Task directions -> Pictures stay out of the copy; set down each line of the listing below exactly.

Collected data ->
>>>

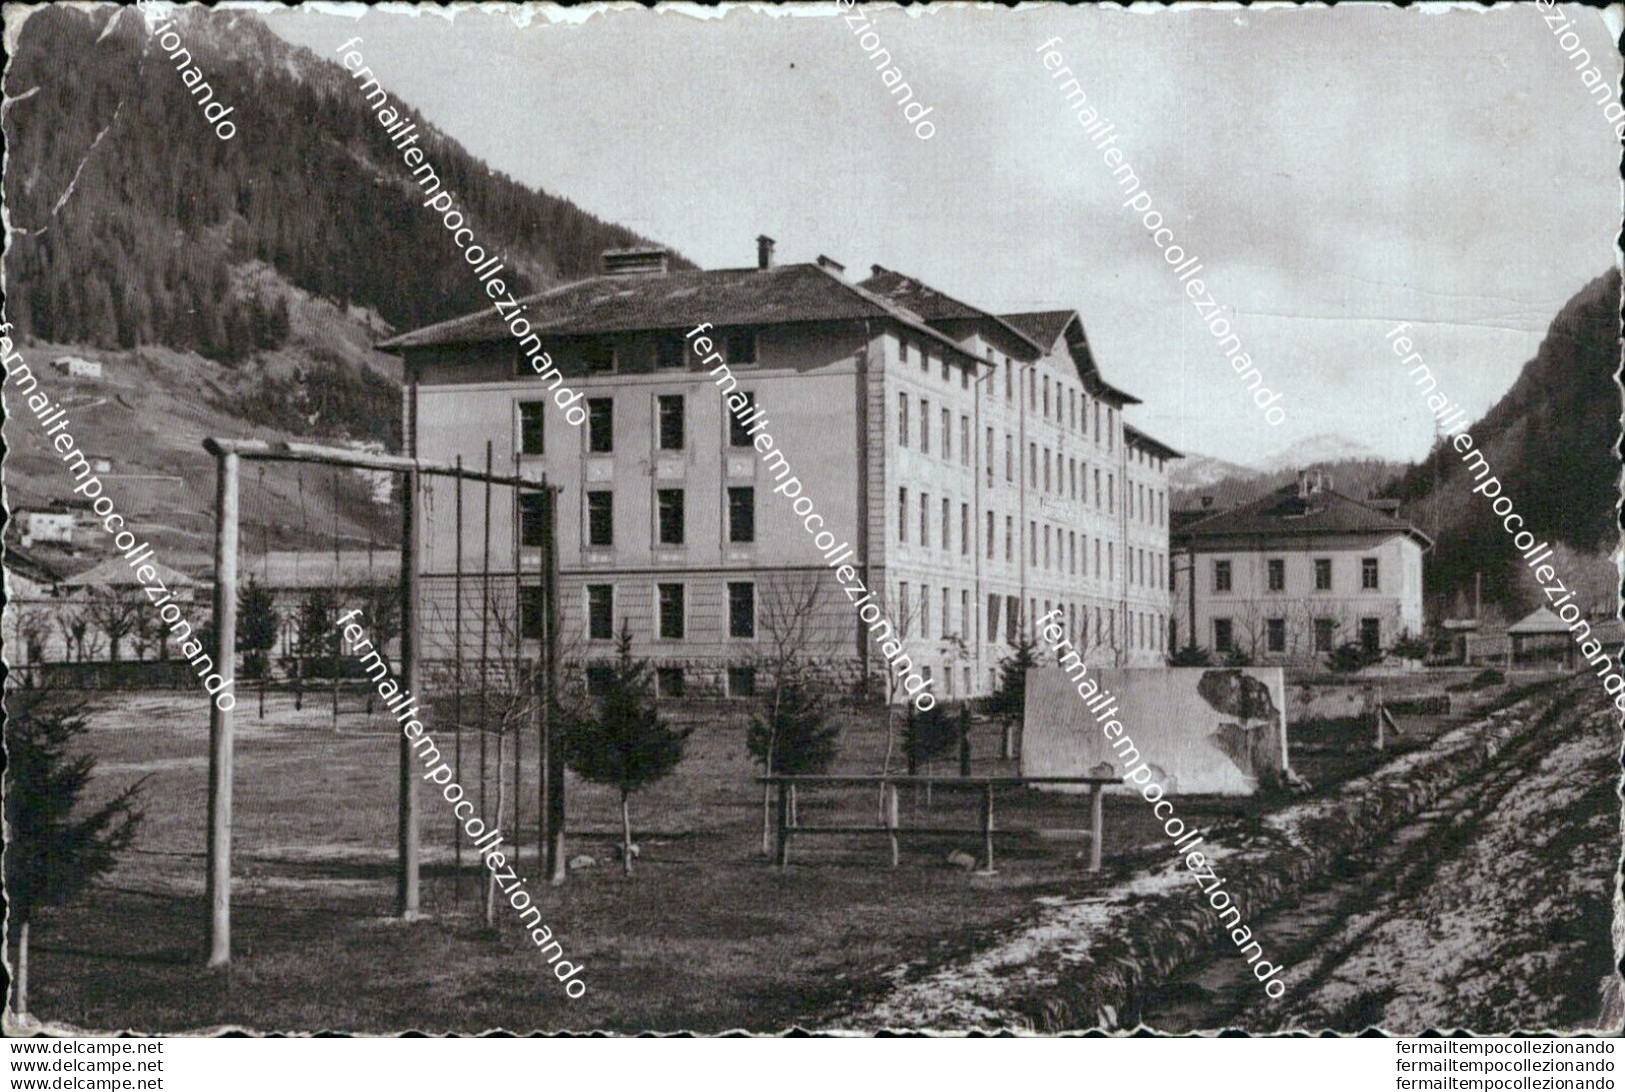 Bm183 Cartolina Preadazzo Caserma Della Scuola Alpinar.guardia Di Finanza Trento - Trento
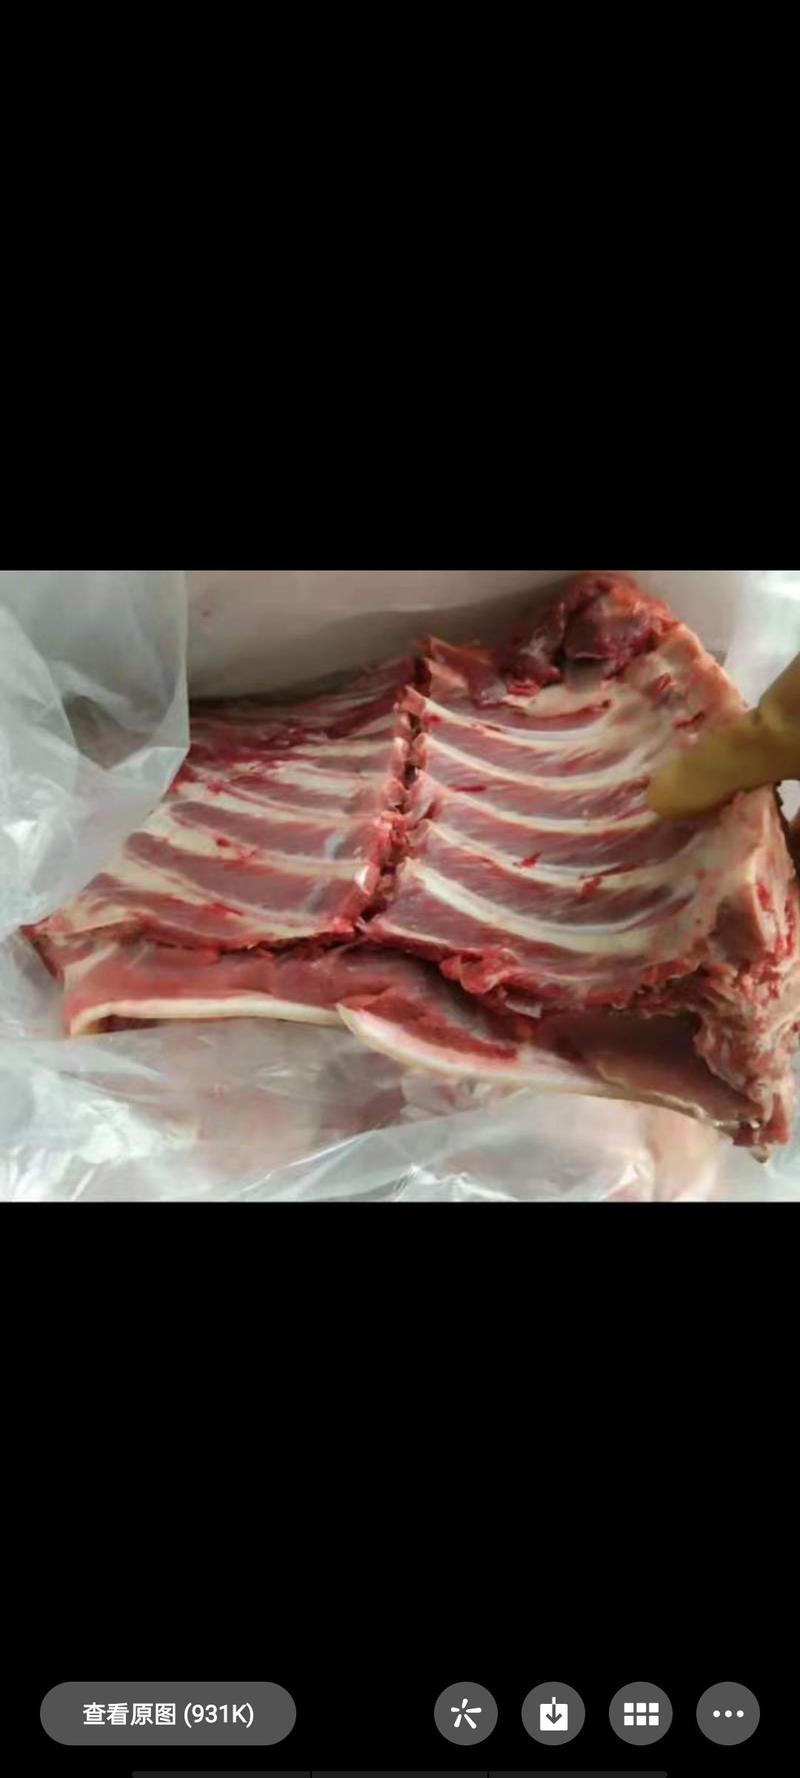 放养山猪肉低脂肪皮厚肉质红润没有肉臊味特供酒楼生鲜
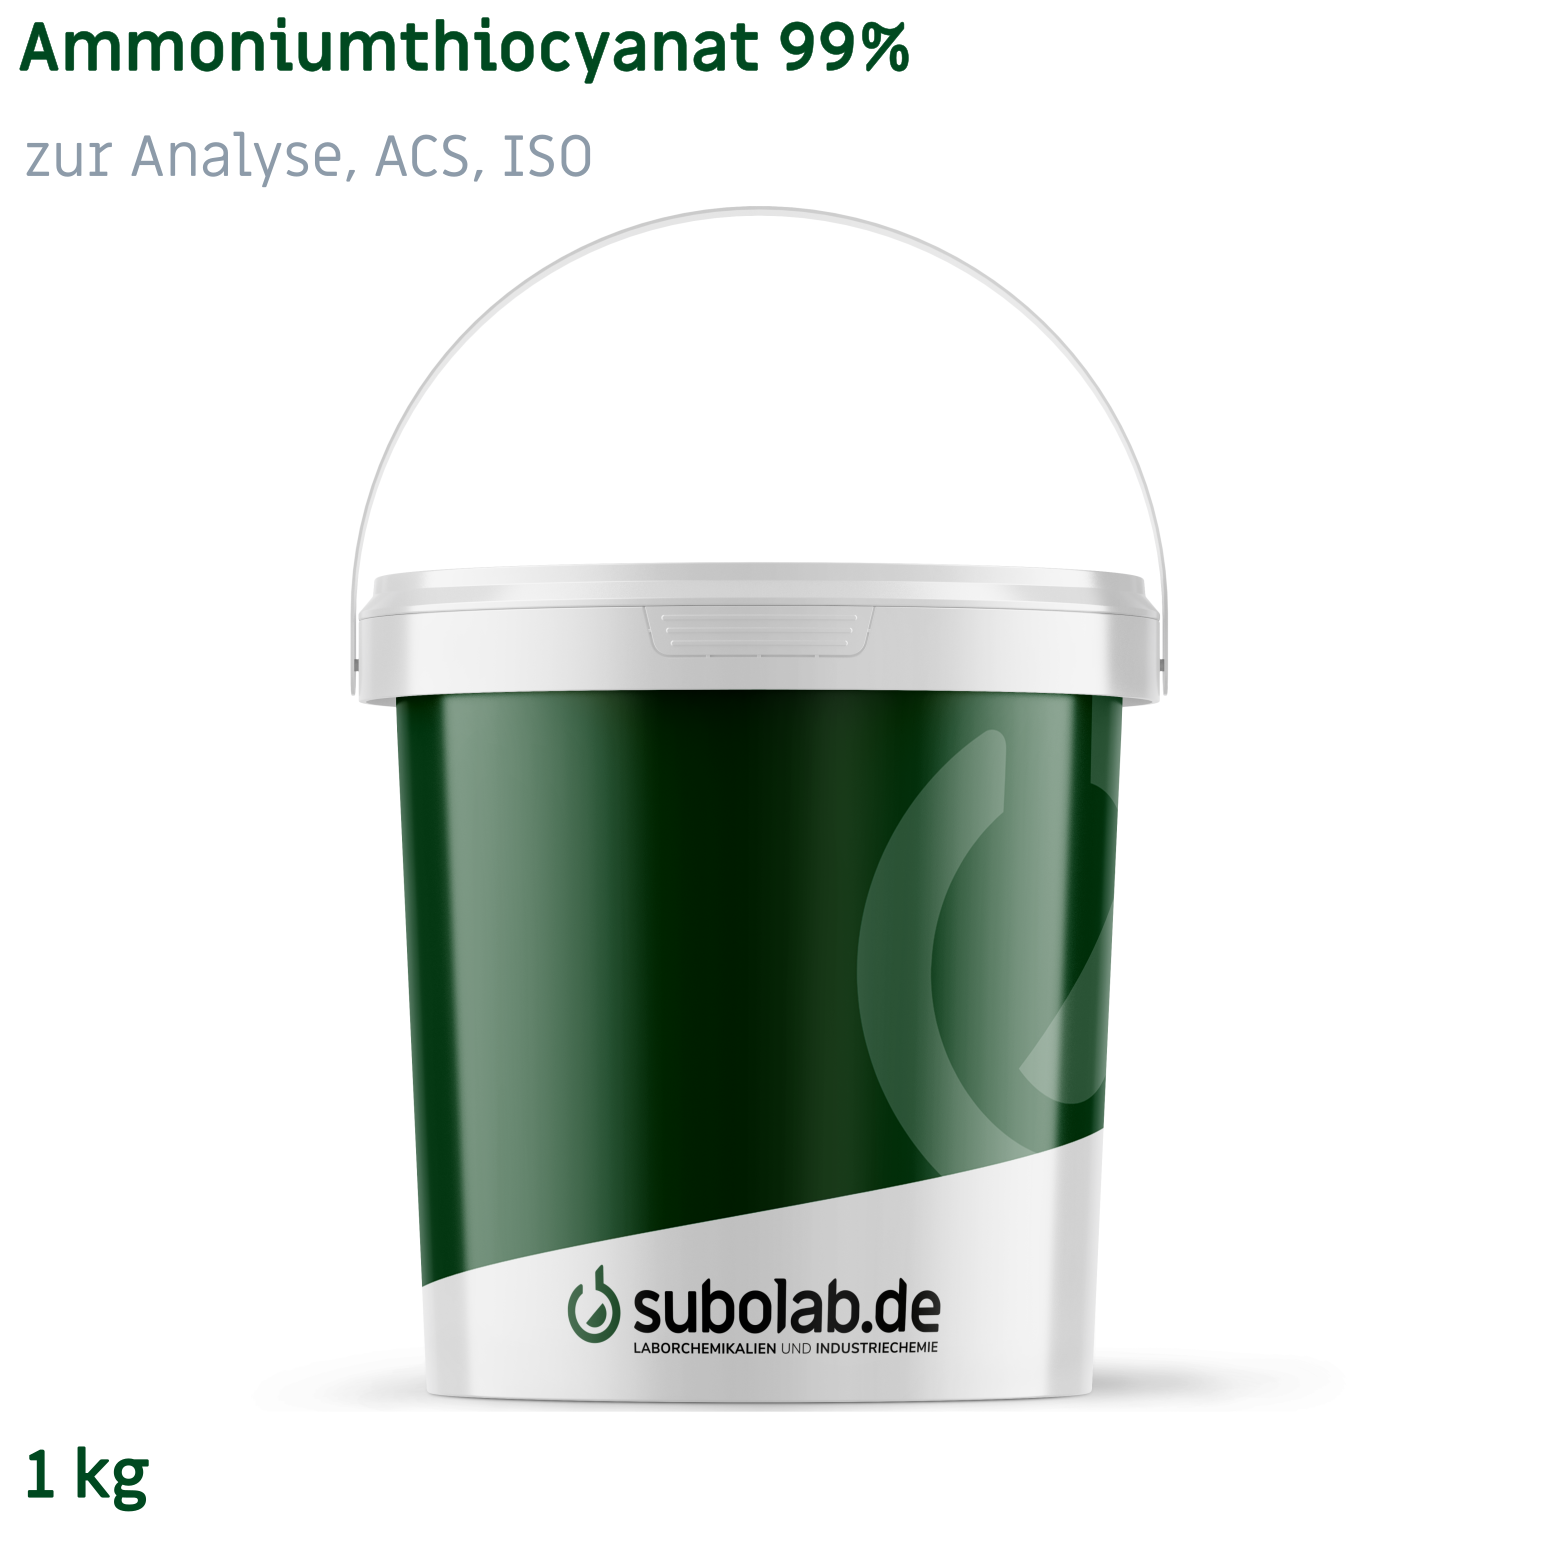 Bild von Ammoniumthiocyanat 99% zur Analyse, ACS, ISO (1 kg)

<<<

Reply ->
 Bm183 Cartolina Preadazzo Caserma Della Scuola Alpinar.guardia Di Finanza Trento - Trento
 放养山猪肉低脂肪皮厚肉质红润没有肉臊味特供酒楼生鲜
 Bild von Ammoniumthiocyanat 99% zur Analyse, ACS, ISO (1 kg)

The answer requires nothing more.